Das Evangelium ist auch für dich! Es ist ein Wort, das an alle gerichtet ist, das tröstet und gleichzeitig zur Umkehr aufruft. Das Zweite Vatikanische Konzil lehrt, wenn es von der allgemeinen Berufung zur Heiligkeit spricht, dass »alle Christgläubigen jeglichen Standes oder Ranges zur Fülle des christlichen Lebens und zur vollkommenen Liebe berufen sind [...]. Zur Erreichung dieser Vollkommenheit sollen die Gläubigen die Kräfte, die sie nach Maß der Gnadengabe Christi empfangen haben, anwenden, um [...] sich mit ganzem Herzen der Ehre Gottes und dem Dienst des Nächsten hinzugeben (Lumen Gentium, 40).

Die Evangelien berichten uns von der Begegnung Jesu mit Menschen mit Behinderungen, deren Leben sich dadurch tiefgreifend änderte und die begonnen haben, seine Zeugen zu sein.

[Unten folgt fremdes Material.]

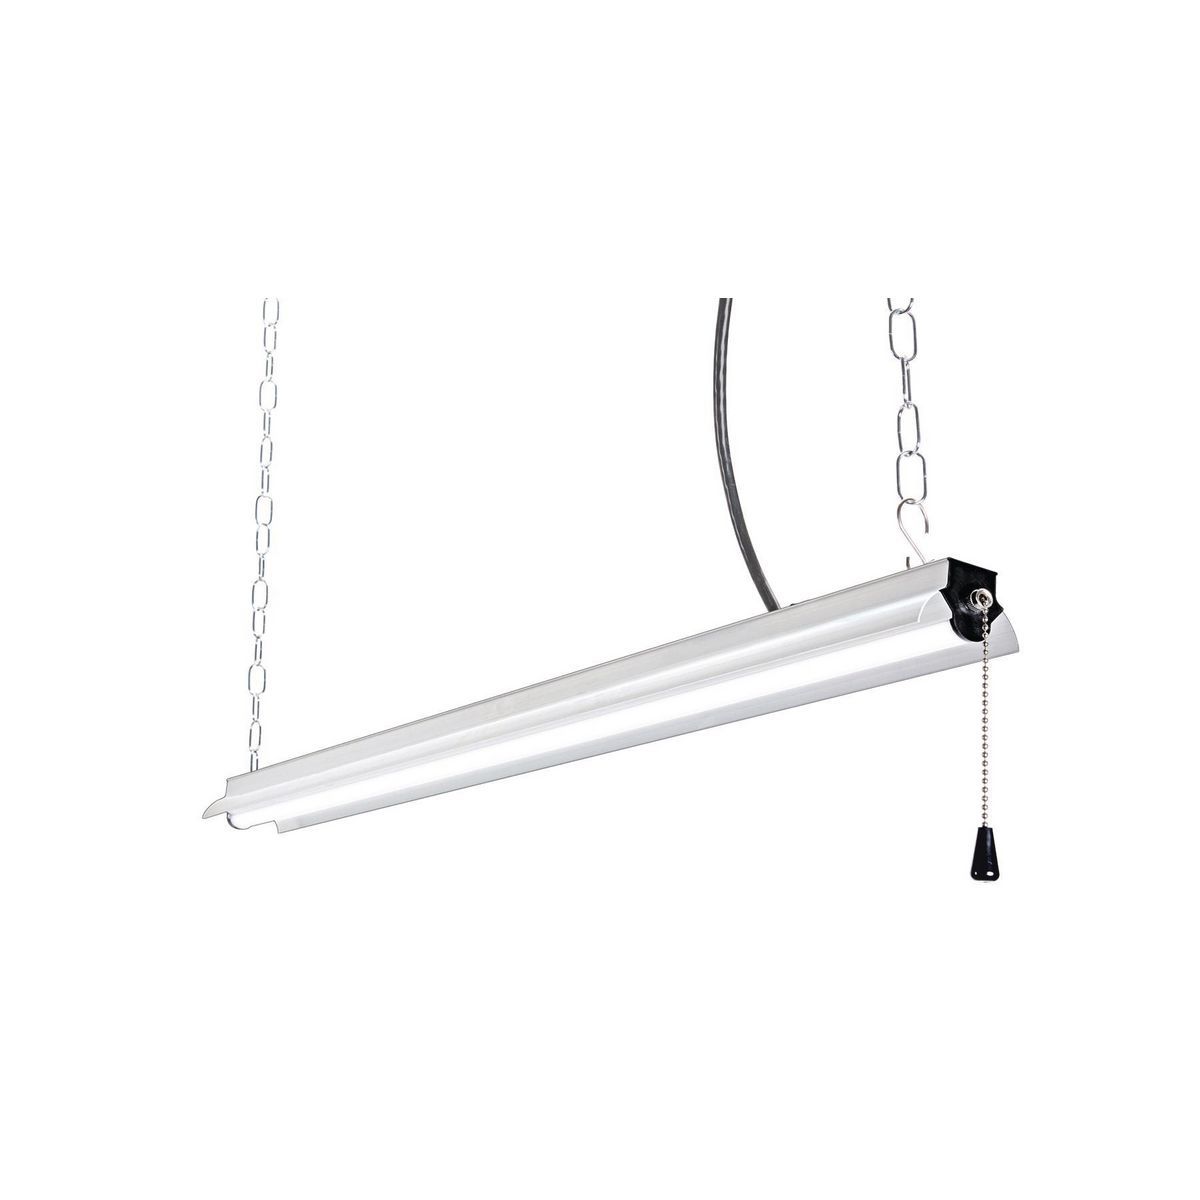 BRAUN 5000 Lumen 4 ft. LED Hanging Shop Light

Das ist zum Beispiel bei dem von Geburt an blinden Mann der Fall, der im Anschluss an seine Heilung durch Jesus vor allen mutig behauptet, er sei ein Prophet (vgl. Joh 9,17); und viele andere verkünden freudig, was der Herr an ihnen getan hat.

Ich weiß, dass einige von euch in Zuständen äußerster Gebrechlichkeit leben. Aber ich möchte mich gerade an euch wenden und allenfalls – wo es nötig ist – eure Familienangehörigen oder diejenigen, die euch am nächsten stehen, bitten, diese meine Worte vorzulesen oder diesen meinen Aufruf weiterzugeben, und euch um das Gebet zu bitten. Der Herr hört aufmerksam das Gebet derer, die ihm vertrauen. Niemand soll sagen: „Ich kann nicht beten“, denn, wie der Apostel sagt: »So nimmt sich auch der Geist unserer Schwachheit an. Denn wir wissen nicht, was wir in rechter Weise beten sollen; der Geist selber tritt jedoch für uns ein mit unaussprechlichen Seufzern« (Röm 8,26). In den Evangelien hört Jesus denjenigen zu, die sich in scheinbar unangemessener Weise, vielleicht nur durch eine Geste (vgl. Lk 8,44) oder einen Schrei (vgl. Mk 10,46), an ihn wenden. Im Gebet liegt eine Mission, die für alle zugänglich ist, und ich möchte sie euch auf besondere Weise anvertrauen. Es gibt niemanden, der so schwach wäre, dass er nicht beten, den Herrn anbeten, seinen heiligen Namen verherrlichen und für das Heil der Welt eintreten könnte. Vor dem Allmächtigen erkennen wir uns alle als gleich.

Liebe Brüder und Schwestern, euer Gebet ist heute dringender denn je. Die heilige Teresa von Ávila schrieb, dass »in schwierigen Zeiten starke Freunde Gottes gebraucht werden, um die Schwachen zu unterstützen«.[5] Die Zeit der Pandemie hat uns deutlich vor Augen geführt, dass uns der Zustand der Verletzlichkeit alle vereint: »Uns wurde klar, dass wir alle im selben Boot sitzen, alle schwach und orientierungslos sind, aber zugleich wichtig und notwendig, denn alle sind wir dazu aufgerufen, gemeinsam zu rudern«.[6] Die erste Weise, dies zu tun, liegt eben im Beten. Wir alle können es tun; und selbst wenn wir wie Mose Unterstützung brauchen (vgl. Ex 17,10), sind wir sicher, dass der Herr unsere Anrufung erhören wird.

Ich wünsche euch alles Gute. Möge der Herr euch segnen und die Gottesmutter euch beschützen.

 

Rom, St. Johannes im Lateran, 20. November 2021

 

 

 

 

[1] Rudolf Schnackenburg, Freundschaft mit Jesus, Freiburg i. Brg. 1996, S.57.

[2] Bischofssynode, Vorbereitungsdokument. Für eine synodale Kirche: Gemeinschaft, Teilhabe und Sendung, 2.

[3] Bishops’ Conference of England and Wales, Coronavirus and Access to Treatment, April 20th, 2020.

[4] USCCB - Public Affairs Office, Statement on Rationing Protocols by Health Care Professionals in Response to COVID-19, April 3rd 2020.

[5] Das Buch meines Lebens, 15,5.

[6] Besondere Andacht zur Zeit der Pandemie, 27. März 2020.